Mr. Gates travels to Europe this week to ask NATO allies again for more troops to help fight what has become a classic insurgency in Afghanistan, saying he doesn't want to let allies off too easy.
But Democratic lawmakers, calling Afghanistan "the forgotten war," are now pushing Gates to send more American forces to pick up the slack in the war-torn country, where an increase in suicide bombings and other violence threatens to undo progress made since US troops first invaded in 2001.
Gates has continually pushed NATO to send more troops. But as the mission there looks more like combat and less like the peacekeeping operation that many allies had signed up for, Gates has had trouble recruiting more assistance.
"It is a continuing effort with our NATO allies to get them to step up to the plate," Gates conceded to House lawmakers on Tuesday.

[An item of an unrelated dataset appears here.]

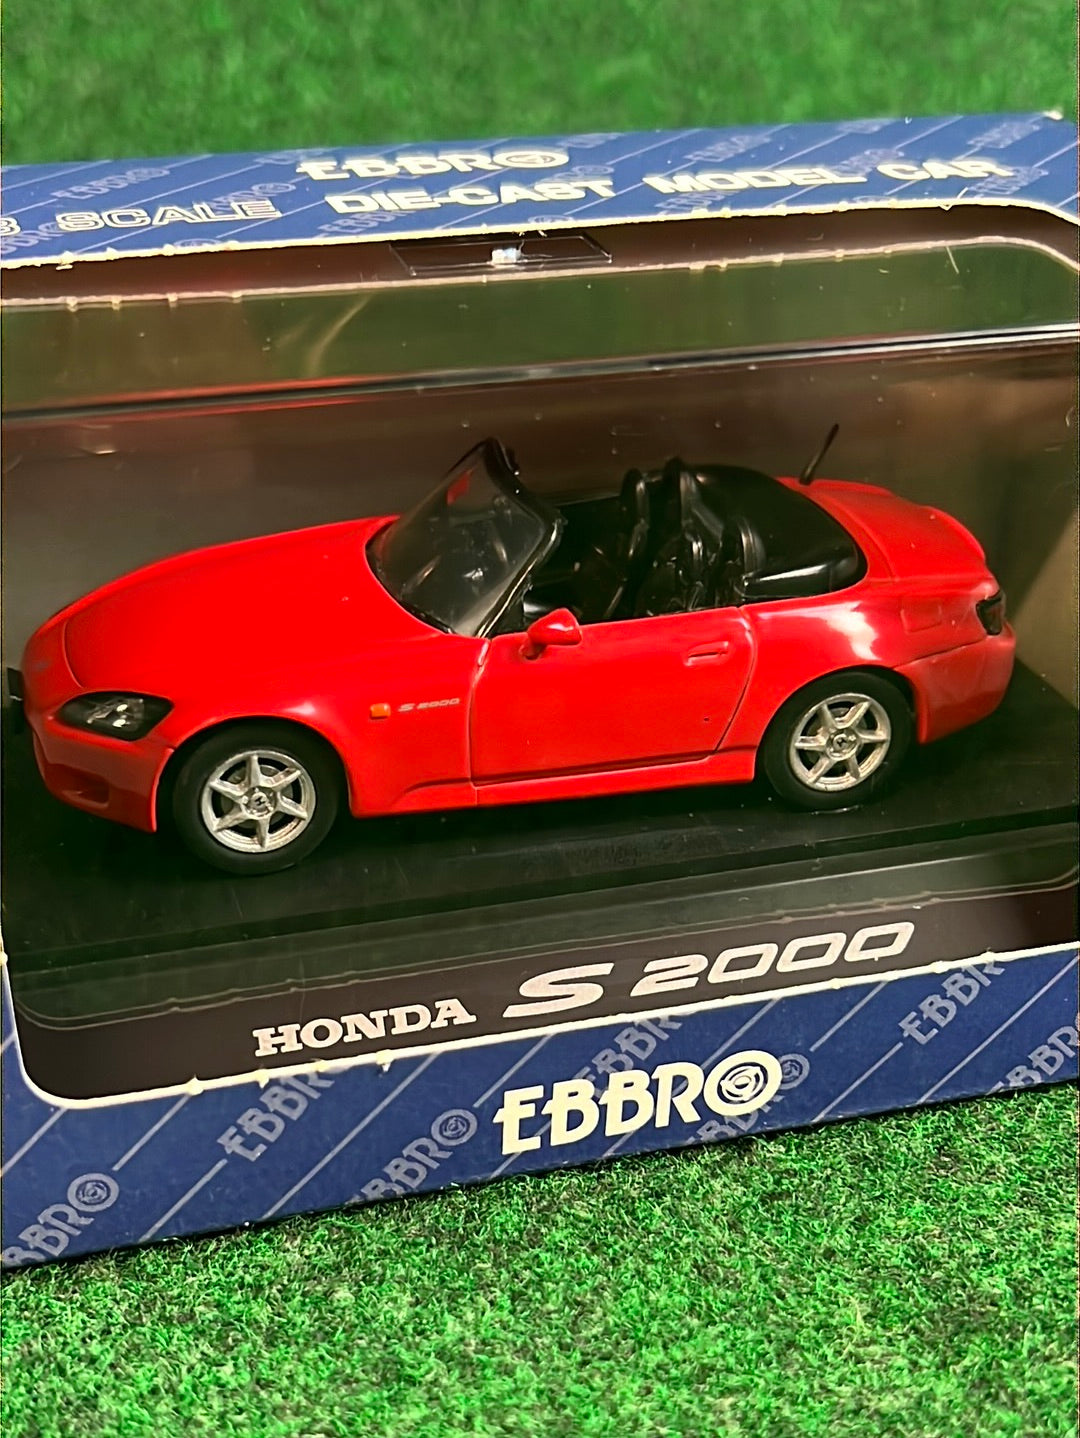 EBBRO 1999 Honda S2000 (New Formula Red) 1/43 Scale Diecast

Gates wants more than 3,000 new trainers, three infantry battalions, and dozens of helicopters for the fight.
Democratic lawmakers called Gates and his top uniformed adviser, Adm. Mike Mullen, chairman of the Joint Chiefs of Staff, to Capitol Hill Tuesday to raise awareness of the problems that have been mounting in Afghanistan for more than a year.
With the focus on Iraq, the Bush administration has taken its eyes off of Afghanistan, Democrats say. Currently about 50,000 coalition forces are in Afghanistan, of which about 25,000 are American troops, mostly from the US Army. About 165,000 US troops are stationed in Iraq.
"Afghanistan has been the forgotten war," said Rep. Ike Skelton (D) of Missouri, who leads the House Armed Services Committee. "Opportunities have been squandered, and now we're clearly seeing the effects. We must reprioritize and shift needed resources from Iraq to Afghanistan."
Admiral Mullen, who became chairman of the Joint Chiefs in October, told the panel that overall violence in Afghanistan is up 27 percent over one year ago with "a significant increase" in the number of suicide bombings. In Helmand Province in the south, where the Taliban has a strong foothold, violence has risen more than 60 percent, he said. And support for the Taliban in the southwestern part of the country is triple what it was in 2004.